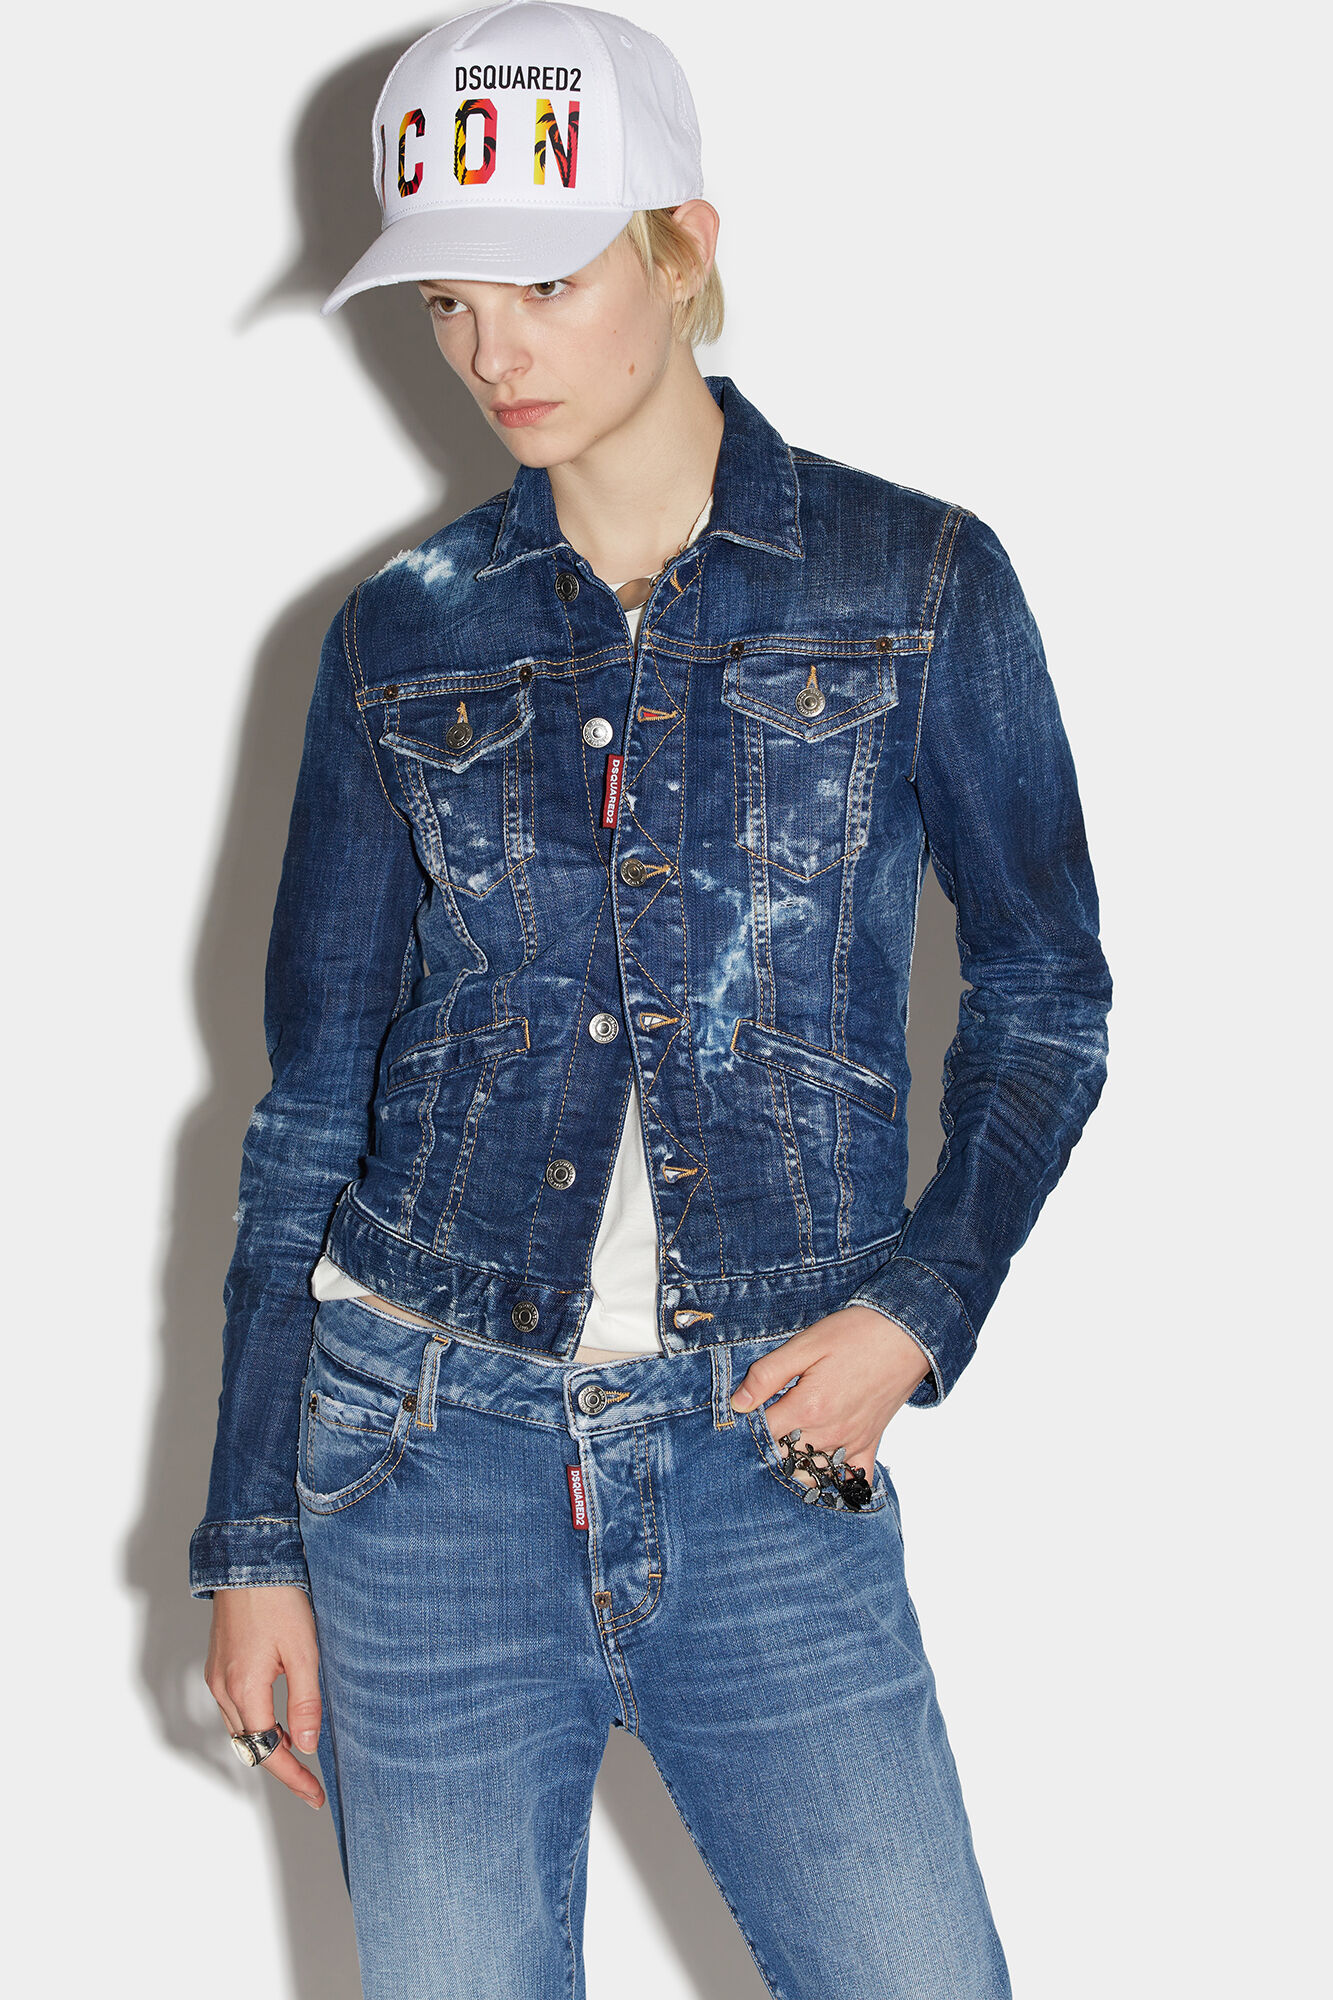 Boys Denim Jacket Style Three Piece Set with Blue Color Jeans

——

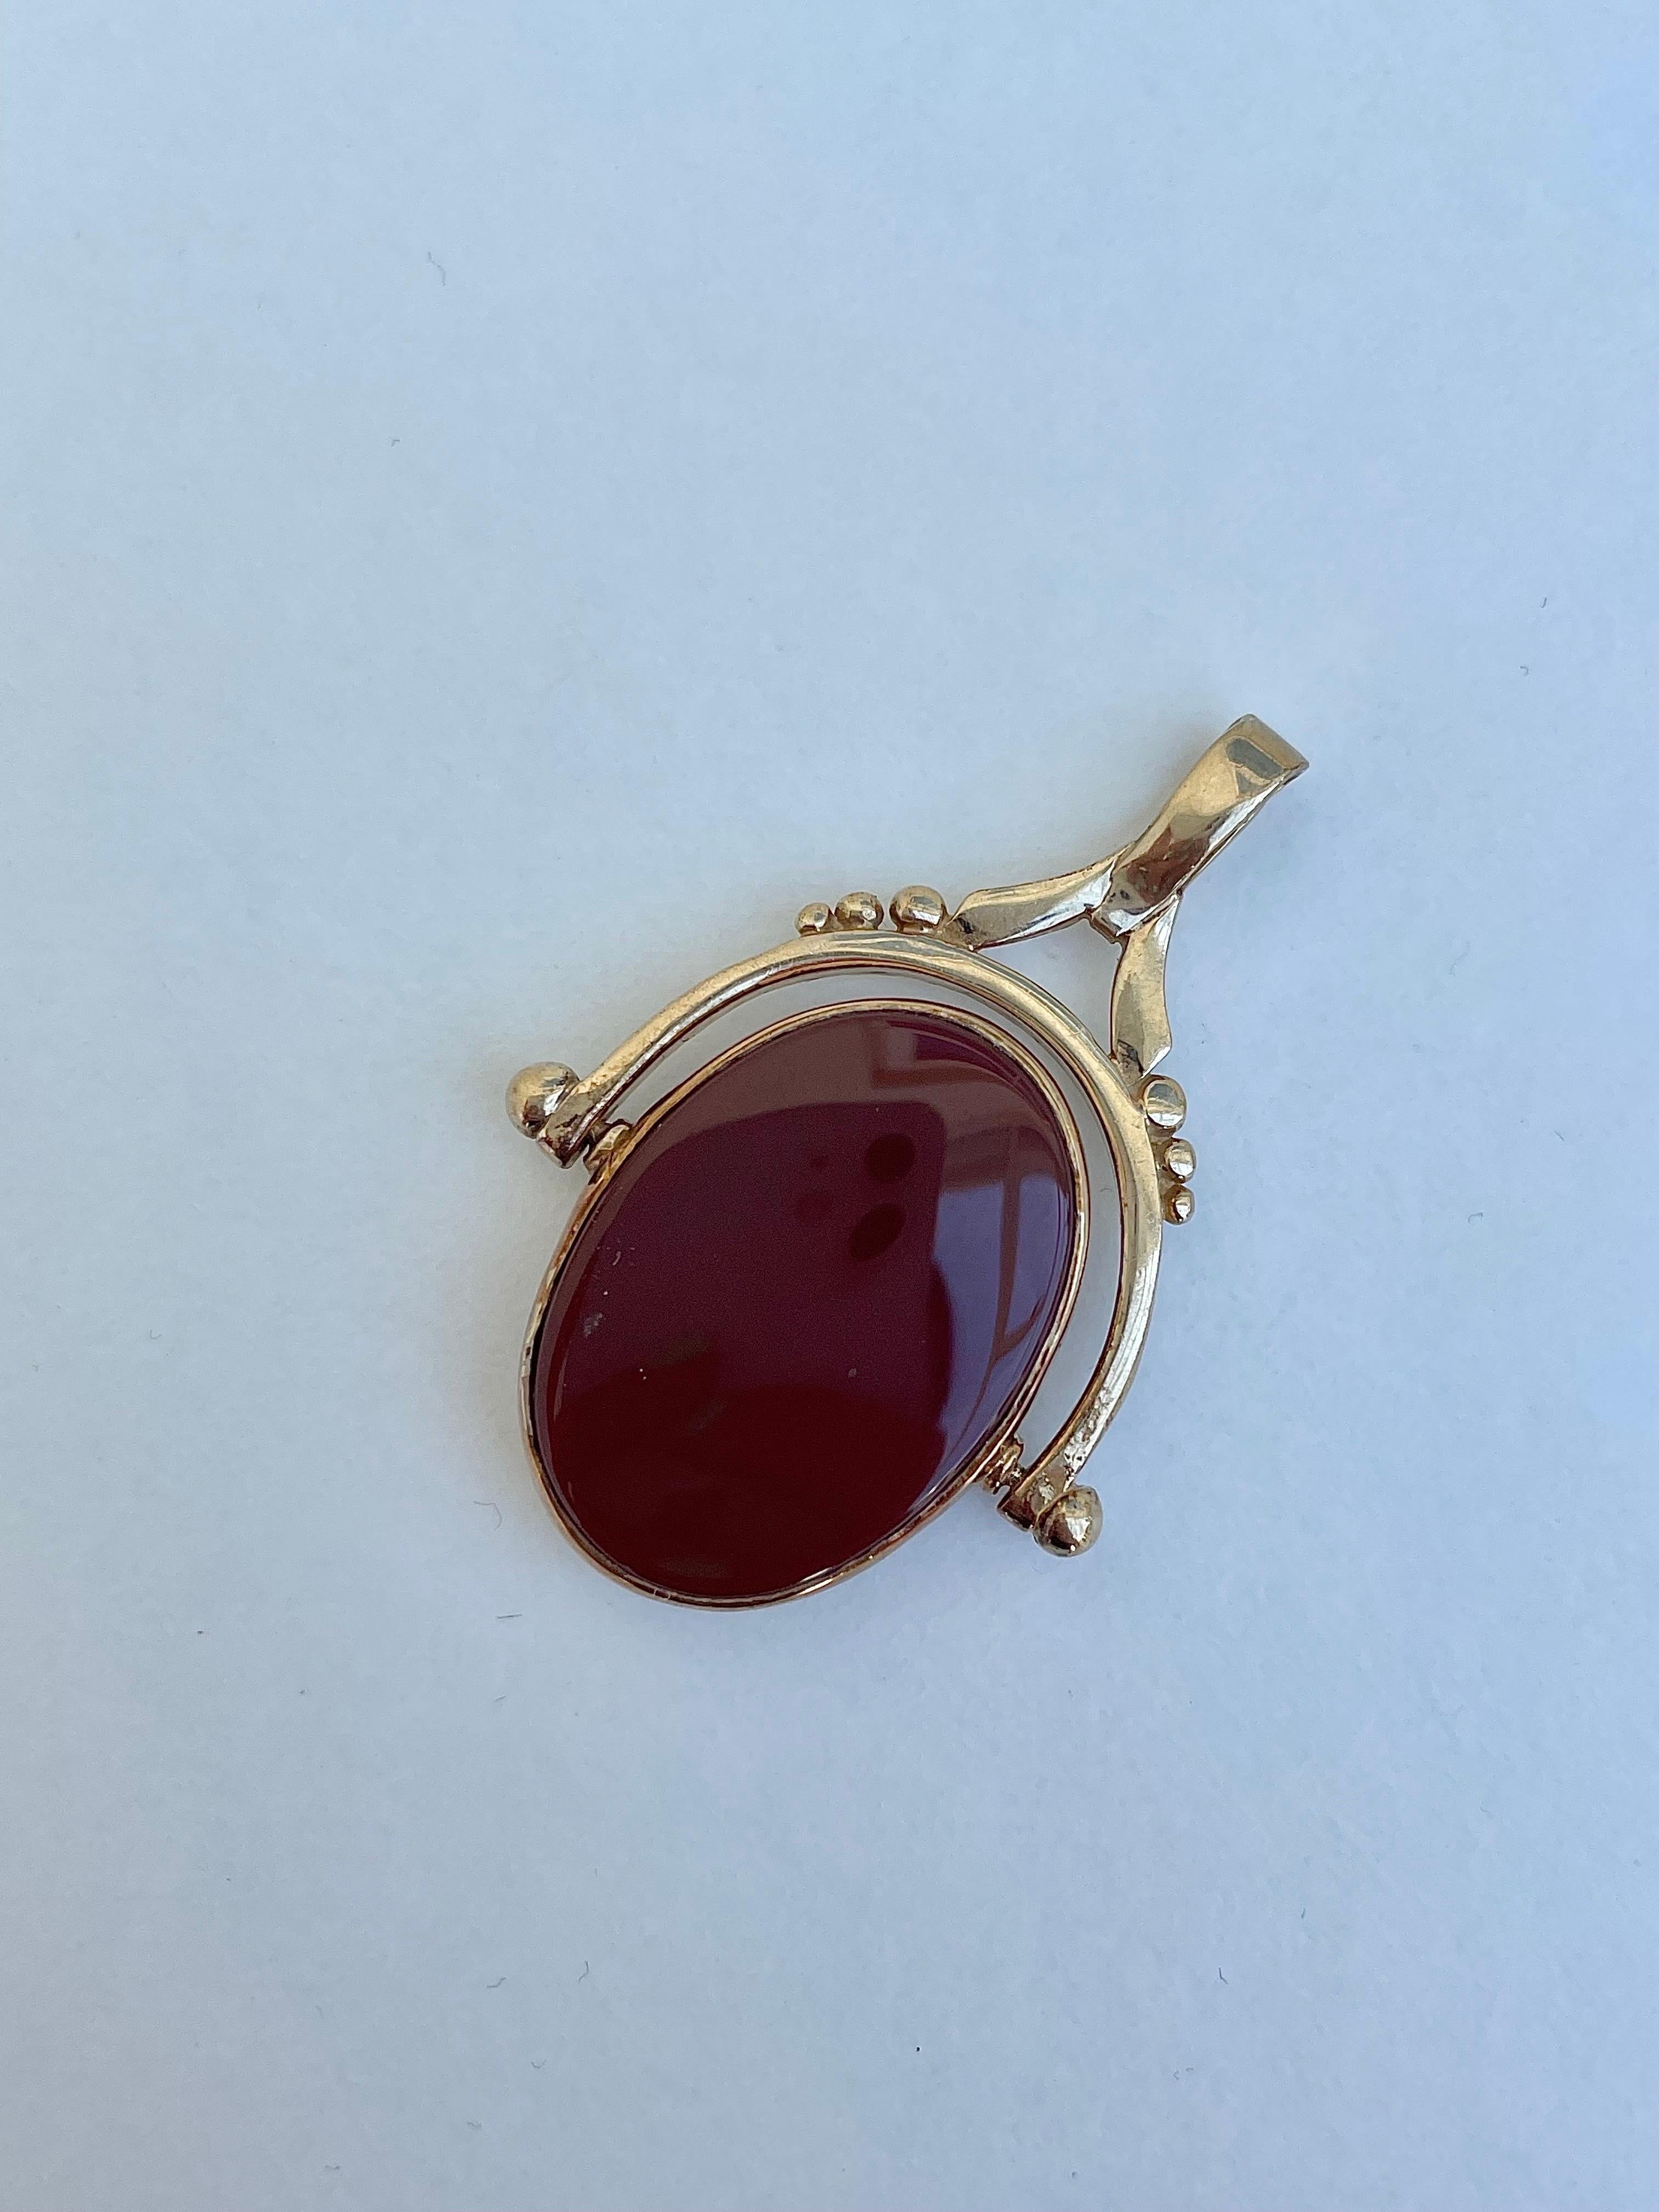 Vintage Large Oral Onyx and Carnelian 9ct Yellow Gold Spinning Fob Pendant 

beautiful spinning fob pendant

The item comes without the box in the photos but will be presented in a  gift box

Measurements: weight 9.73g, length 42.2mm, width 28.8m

——

REQUIREMENT
Once you reach the line with "The item comes" in the data above, copy it and every line after it exactly, up to and including the line with "Measurements: weight 9.73g, length".

RESULT OF THE TASK
The item comes without the box in the photos but will be presented in a  gift box

Measurements: weight 9.73g, length 42.2mm, width 28.8m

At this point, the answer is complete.